The soft smile hanging on my lips through the first half of the The Founder drooped away slowly. The gradual realization of Ray Kroc’s (Michael Keaton) character builds up scene by scene until his ambitions lead him to decisions that aren’t only logical, they’re inevitable.
John Lee Hancock’s The Founder is at its basest level an attempt to recount the creation of the largest fast food empire in the world, McDonald’s. On a more personal plane, it attempts to illustrate the conflicts inherent to chasing the American dream.
The parallels between Kroc and the newly inaugurated U.S. President Donald Trump in this regard, are uncanny. “I know how to win,” Kroc says. “I’m good at winning.” One doesn’t have to dig through Trumps memoirs and novels very long to find a similar business rhetoric. Hell, on Friday — coincidentally the day of Trump’s inauguration and The Founder’s public premiere — Trump shouted to his 800,000-person crowd in front of the White House: “America will start winning again, winning like never before.”
The parallels between Kroc and Trump are uncanny
When winning becomes more than just the difference between happiness and despair though, that attitude becomes hard to justify.
When Mac McDonald (John Carroll Lynch) lies in his hospital bed and Kroc comes by with flowers and an envelope, it could be an example of good faith, but Kroc is not that man. The blank check Mac pulls from the card is a sign of the good in Kroc — or at least the business good as Kroc would define it. But the reality is that the cold business approach is sickening. And Kroc is not immune.
He second guesses himself in a human way often throughout the film. Not in the business world — in that arena, he’s full speed ahead at all times — but from the opening scenes right to The Founder’s close, we see questions bubble to the surface of Kroc’s mind. Am I doing something wrong?
When he first meets Joan Smith (Linda Cardellini), the then-wife of one of his potential franchisees, she asks when he started his company. He pauses and wets his lips before answering 1954, the year Kroc made the franchise boom, not 1937 when Mac and Dick McDonald (Nick Offerman) began toiling away with failed drive-in stands on their way to perfecting the assembly line for food.
The same thought sticks in Kroc’s throat throughout the movie, but he eventually states his intentions explicitly. “If my competitor was drowning, I’d walk right over and stick a hose in his throat,” Kroc says. He works past any misgivings, always with business front of mind. “Contracts are like hearts. They’re made to be broken.” And Kroc breaks both in this film. However, not without reason.
‘Contracts are like hearts. They’re made to be broken.’
Early in the film, he looks ready to fold.

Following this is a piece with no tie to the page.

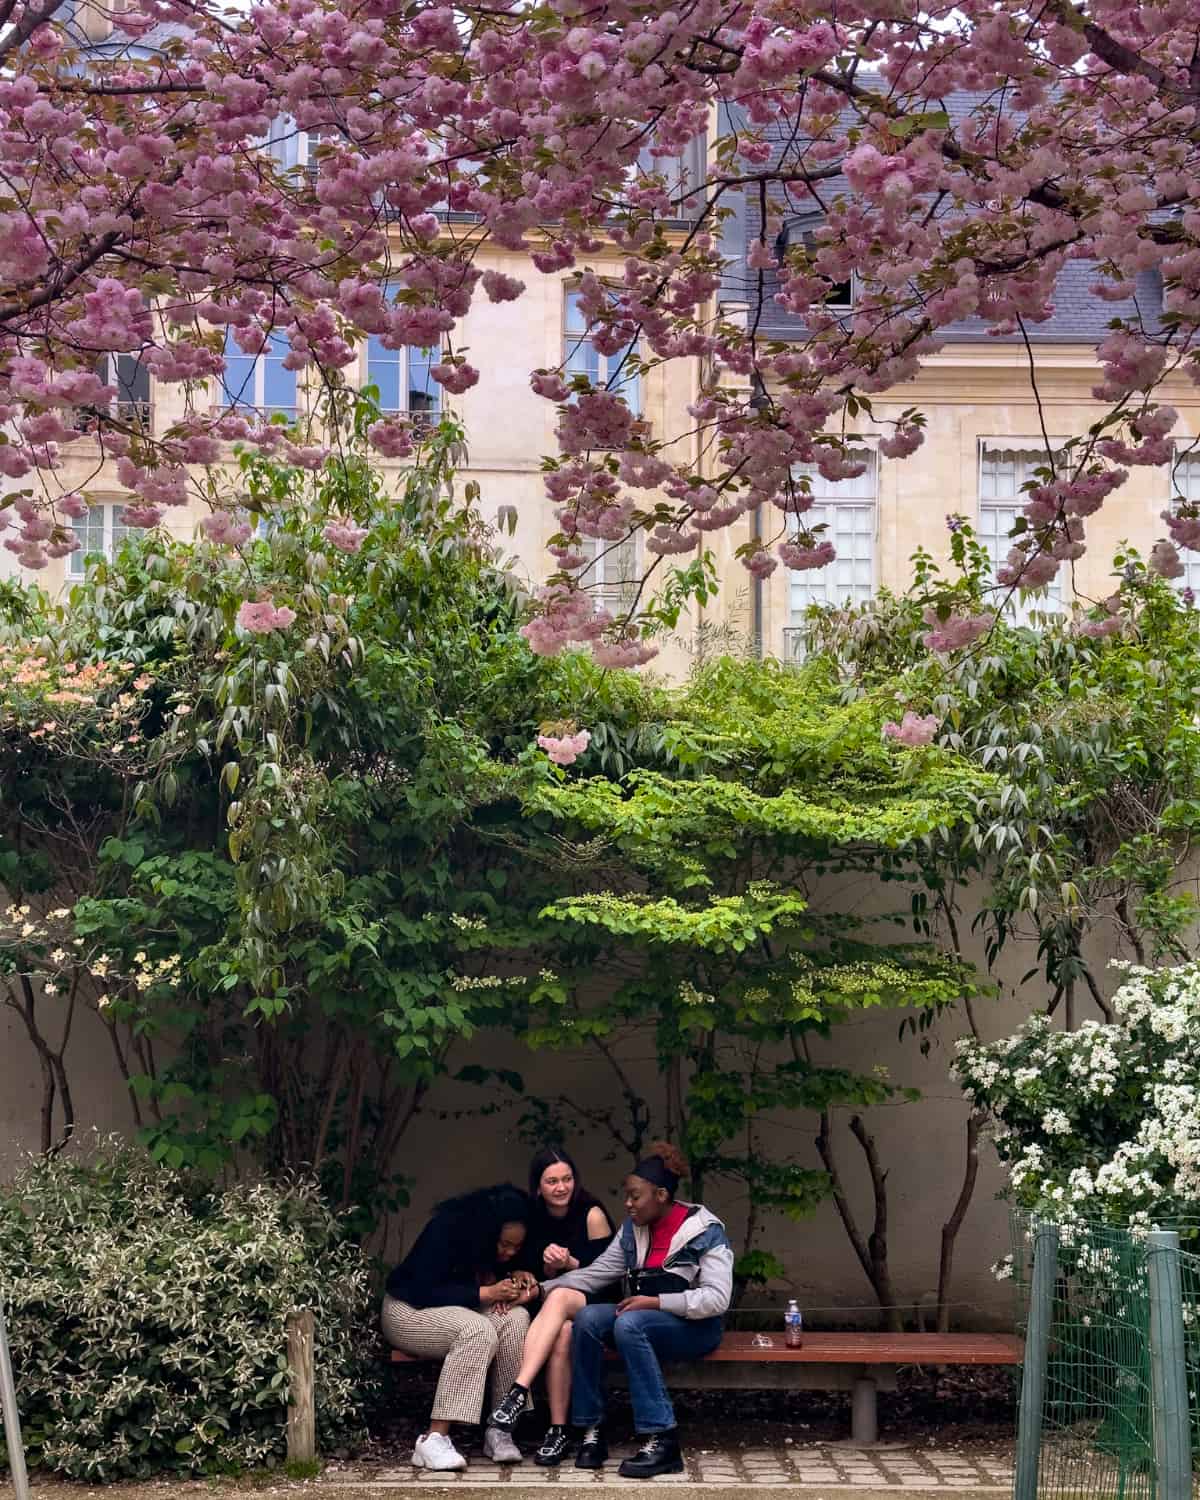 Blooming cherry blossom trees at Jardin Anne Frank, with a couple of Parisians enjoying themselves

Failing to sell six-spindle milkshake dispensers, ignoring refund requests, and slamming his car trunk in frustration — Kroc’s brooding face seethes through his rain streaked windshield when he fails to land yet another sale. There’s no “paperwork” to do when he hangs up on his wife to end an awkward conversation about his business struggles. Instead, he ritualistically puts on a self help vinyl record and falls asleep to its truism to get through the next day.
For people that eat at McDonald’s today, The Founder doesn’t change much. When diners want a cheap burger, the golden arches are there. And if movie fans want a film that’s at once tragic, educational and gripping, The Founder is there. But for people ruminating on the ethics of business, the film asks: how much success is okay to seek?
“When will it ever be enough?” asks Kroc’s first of three wives, Ethel (Laura Dern).
“Honestly, probably never,” answers Kroc.
Does McDonald’s feed 1% of the worlds population every day, or does it only serve 1% of the worlds population daily? The singularly vicious appetite for success that Kroc embodies in The Founder is worth beholding, if only to glimpse the moral struggles that come with great success.